04-missing.Rmd

# Missing values

The files of files containing the missing values has been saved to an additional missing_data file to analyze missing patterns in this part. The code is included in the same file as in the [data transformation file](https://github.com/verlocks/employStat/blob/main/data/data_cleaning.ipynb) since we use python to do the data transformation and data cleaning part, having another file again import and export the files would be a waste of time.

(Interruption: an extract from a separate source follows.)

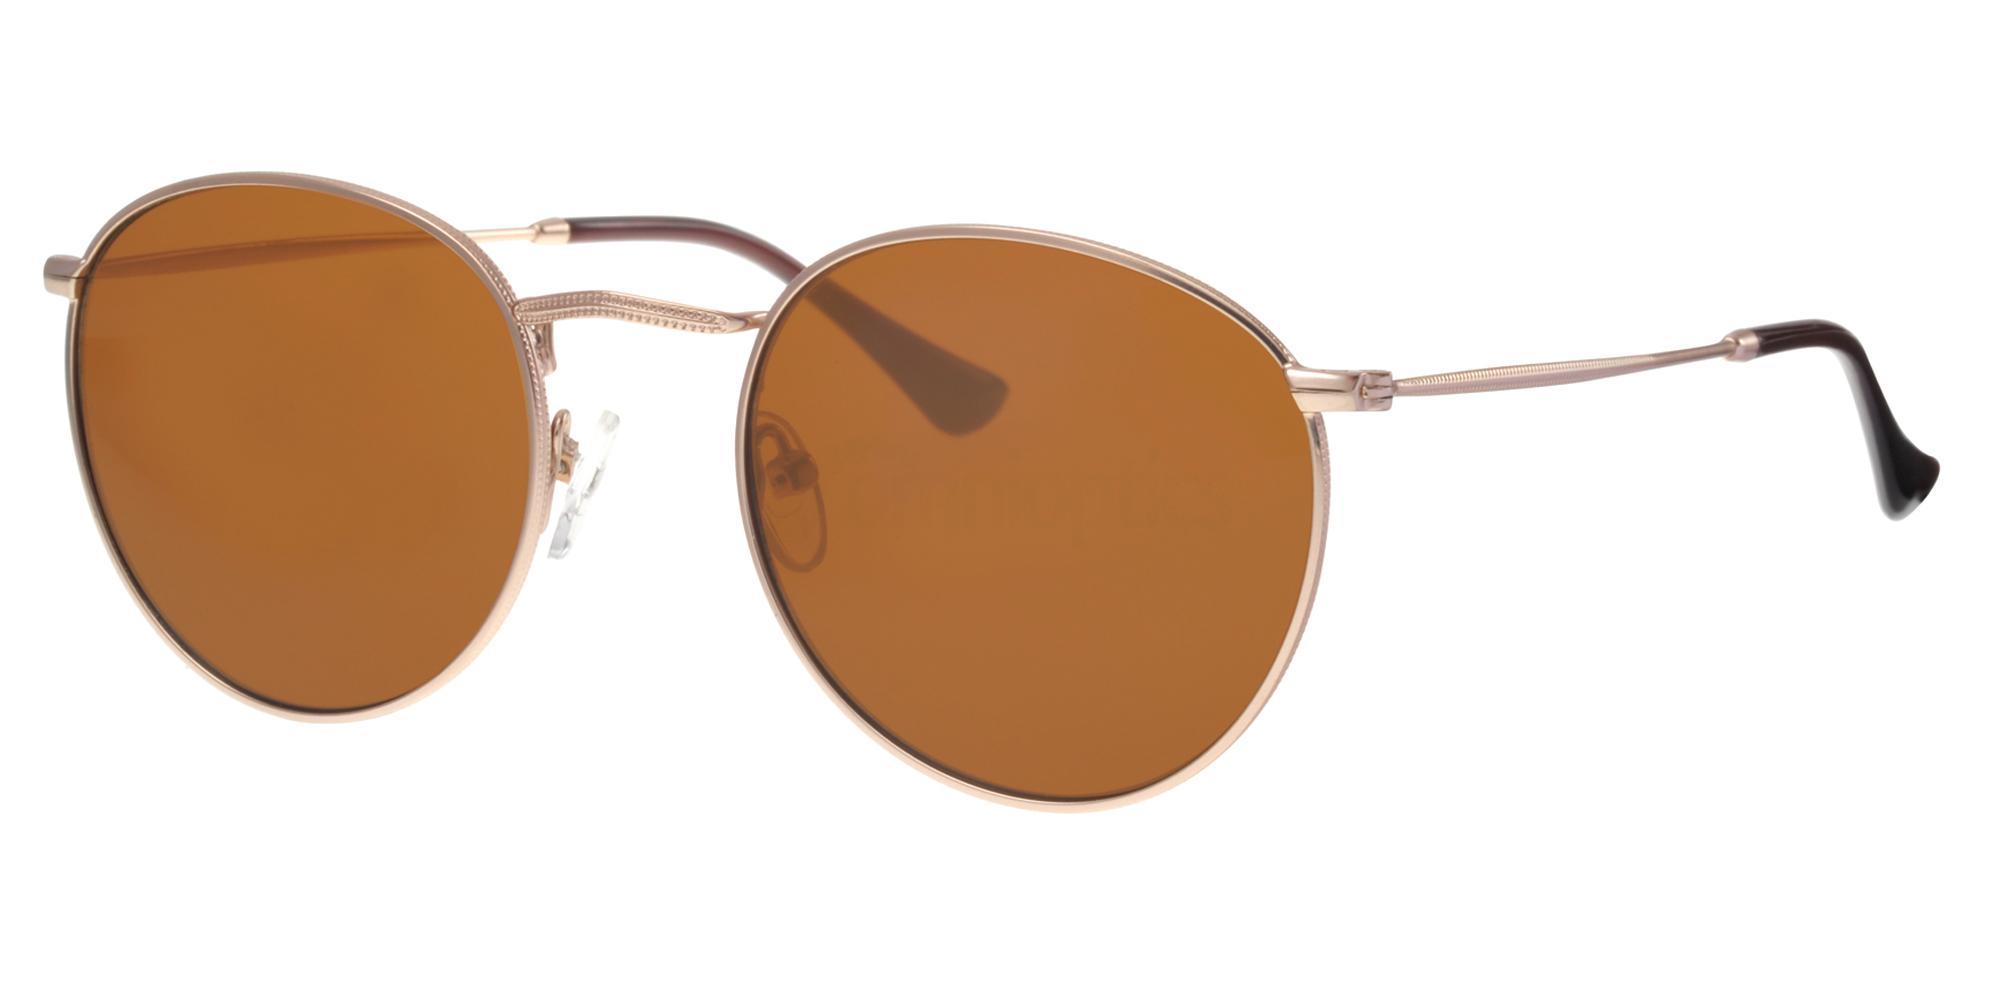 C01 VS195 Sunglasses, Visage

The Missing Values Pattern:
(Since the headers for our data is longer then usual, we remove the x labels for the above bar chart for artistic)

## "Employed persons by detailed occupation, sex, race, and Hispanic or Latino ethnicity":(from 2016 to 2020) 

```{r, echo=FALSE, fig.width=12, fig.height=8}
library(dplyr)
source("data/plot_missing_c.R")

df_dash <- readxl::read_excel("data/missing_data/question_01/occupation_sex_race/detailed/2017.xlsx", sheet = 1)

df_dash_NA <- 
  df_dash %>% 
  subset(select = -c(Occupation, Group)) %>% 
  mutate_all(as.numeric)

plot_missing(df_dash_NA)
plot_missing(df_dash_NA,percent=FALSE)
```
When using the files from 2016 to 2020, they all generate the same graphs so we only show the graphs for 2017 to do missing pattern analysis(since compare to the others, the files for 2016 does not contain the columns for White people):

The Total Employed column does not contain any missing data while the other four (Percentage of women total employed; Percentage of white total employed; Percentage of Black or African American employed; Percentage of Asian total employed; Percentage of Hispanic or Latino total employed ) all have same amount of missing values: They all have 200 rows missing and around 37.5% of the rows are missing. With carefully looking at the data, there is no values could be put inside the empty cells. And because all the files have the same missing patterns and position, this should be designed to miss from the data set origin, and we choose to drop all of the rows having missing values. 


## "Employment status of the civilian noninstitutional population by age, sex, and race"(from 2016 to 2020)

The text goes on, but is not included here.